Любил барин цыганочку —
Она замуж вышла…
Неужель я виноват
Тем, что из-за взгляда
Твоего я был бы рад
Вынестъ муки ада?
Что тебя сгубил бы я
И себя с тобою…
Лишь бы ты была моя,
Навсегда со мною.
* * *
Интерес москвитян к народной песне был не нов. Значение песни как явления народного духа осознавалось многими деятелями русской культуры двадцатых-тридцатых годов прошлого столетия. И здесь, как во всех других вопросах русской литературы XIX века, началом начал был Пушкин. Арина Родионовна, которая ввела Пушкина в волшебный мир русской сказки, открыла ему своим исполнением и неповторимую красоту народной песни. В стихотворении «Зимний вечер» поэт с необычайной задушевностью говорит о своей няне и ее песнях:
Спой мне песню, как синица
Тихо за морем жила;
Спой мне песню, как девица
За водой поутру шла.
Находясь в Михайловском, а затем в Болдине, Пушкин записывает услышанные им от крестьян песни, задумывает издать собрание песен. Но когда в 1832 году Пушкин ближе узнал двадцатичетырехлетнего Петра Васильевича Киреевского, то с чистой совестью мог сказать, что дело собирания народных песен находится в надежных руках, и передал ему свои записи. Долгое время гадали: кого это изобразил Пушкин на черновой рукописи «Полтавы», среди строк первой песни — в набросанном профиле неизвестного молодого человека, отмеченного печатью благородного простодушия? Потом выяснилось, что это Петр Киреевский.
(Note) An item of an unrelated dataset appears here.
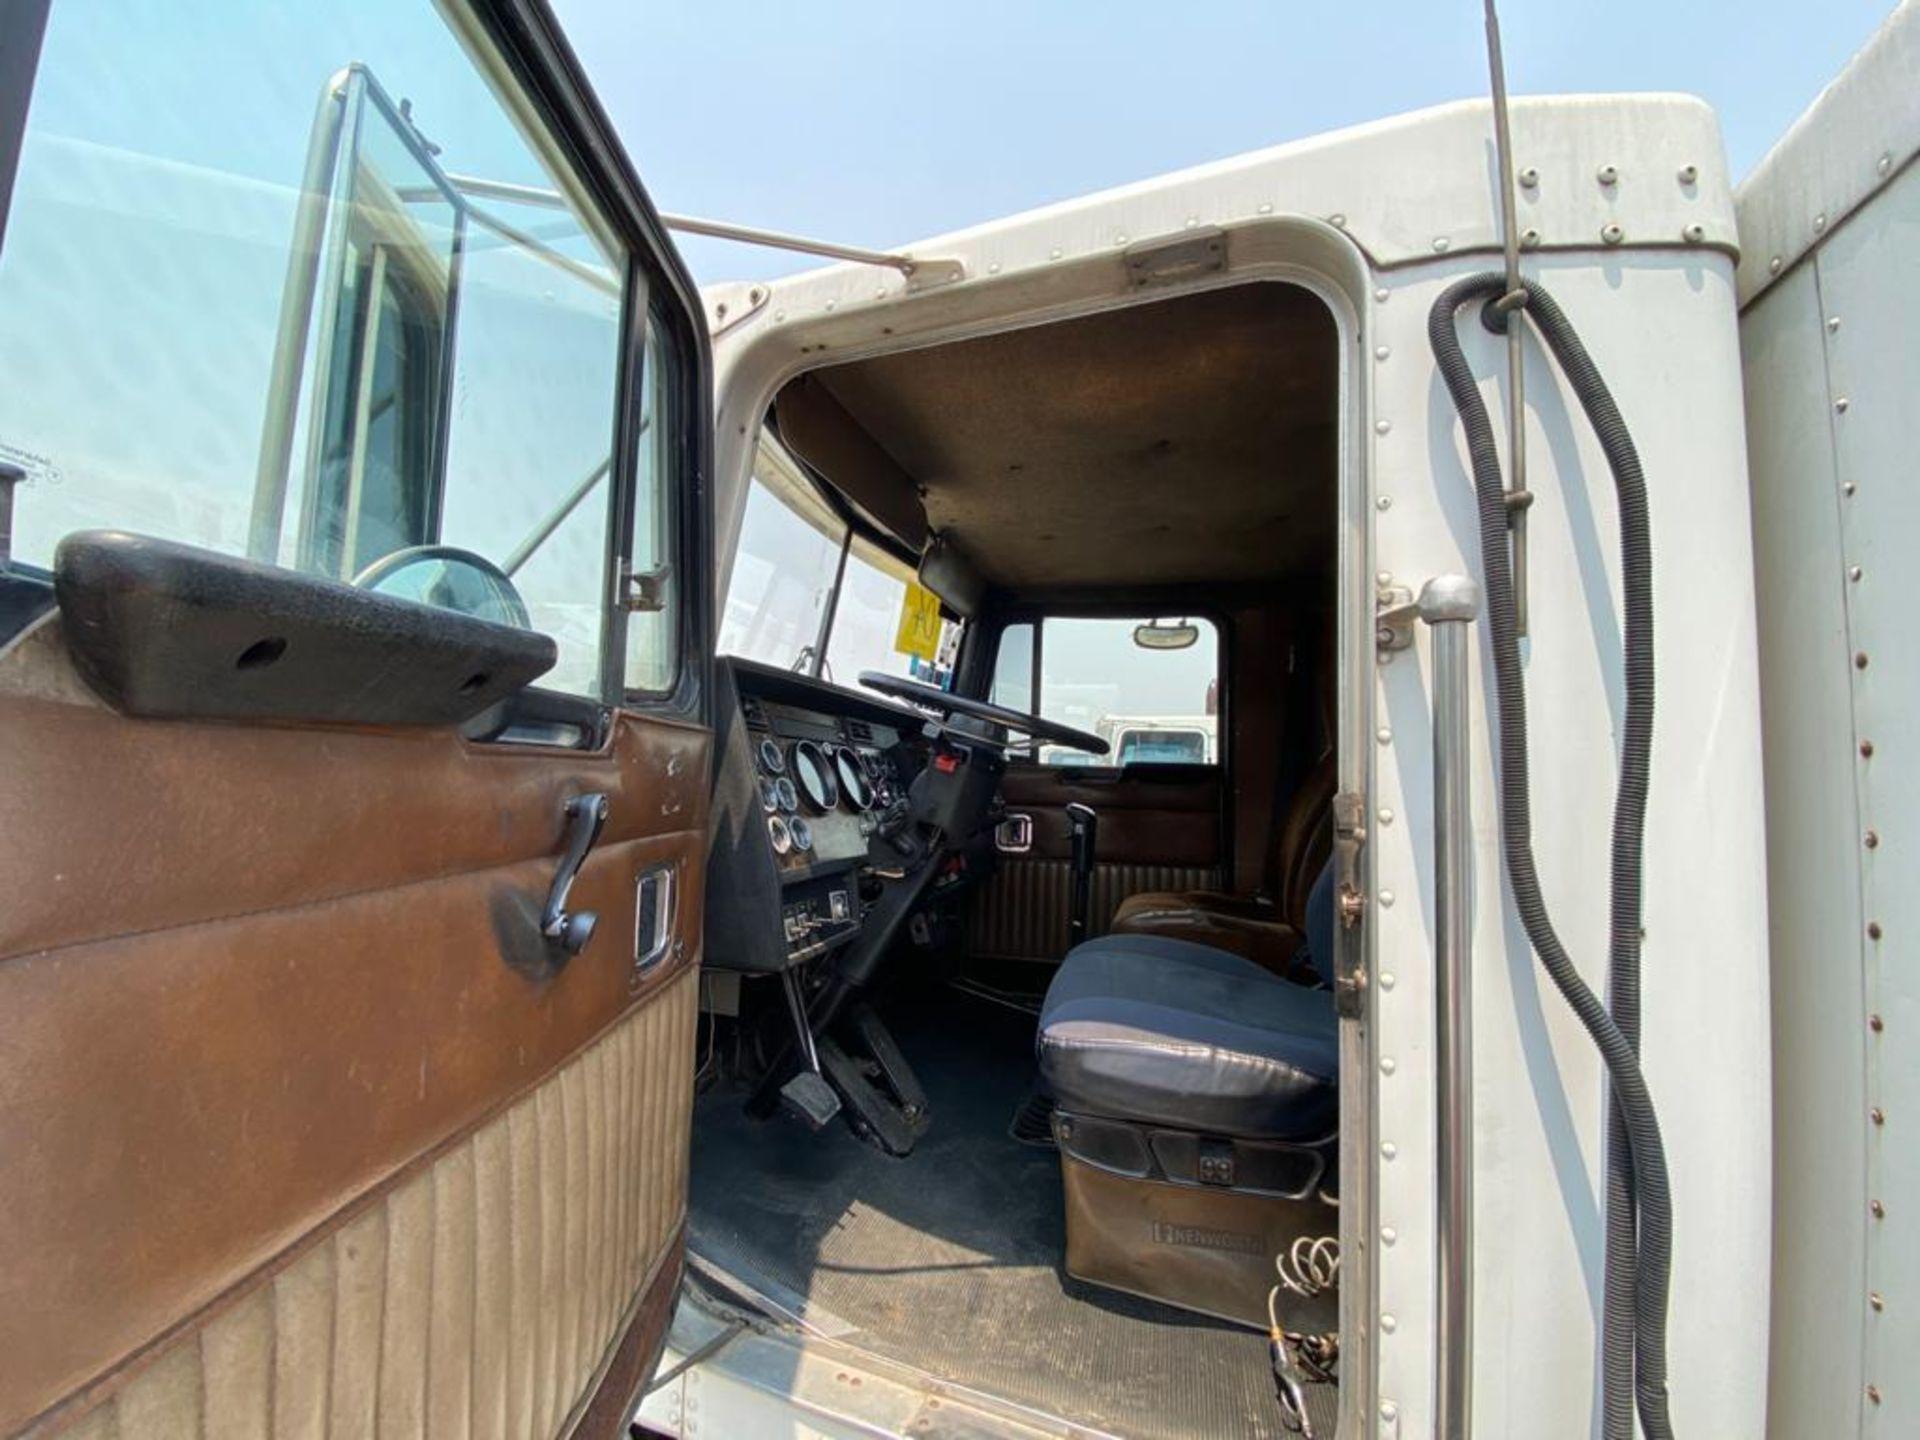 1999 Kenworth Sleeper truck tractor, standard transmission of 18 speeds - Image 47 of 70

Пушкина и Петра Киреевского связывала общность понимания народности как того выражения «духа народа», о котором Пушкин писал: «Есть образ мыслей и чувствований, есть тьма обычаев, поверий и привычек, принадлежащих исключительно какому-нибудь народу». Примечательно, как близки некоторые их высказывания. «Я с каждым часом чувствую живее, — писал Петр Киреевский, — что отличительное, существенное свойство варварства — беспамятность; что нет де высокого дела, ни стройного слова без живого чувства достоинства, что чувства собственного достоинства нет без национальной гордости, а национальной гордости нет без национальной памяти». Невольно вспоминаются слова Пушкина: «Уважение к минувшему — вот черта, отличающая образованность от варварства».
Дом на Малой Ордынке, где родился А. И. Островский. Офорт работы худ. Бом-Григорьееой.
Вид Замоскворечья. Фотография начала XX века.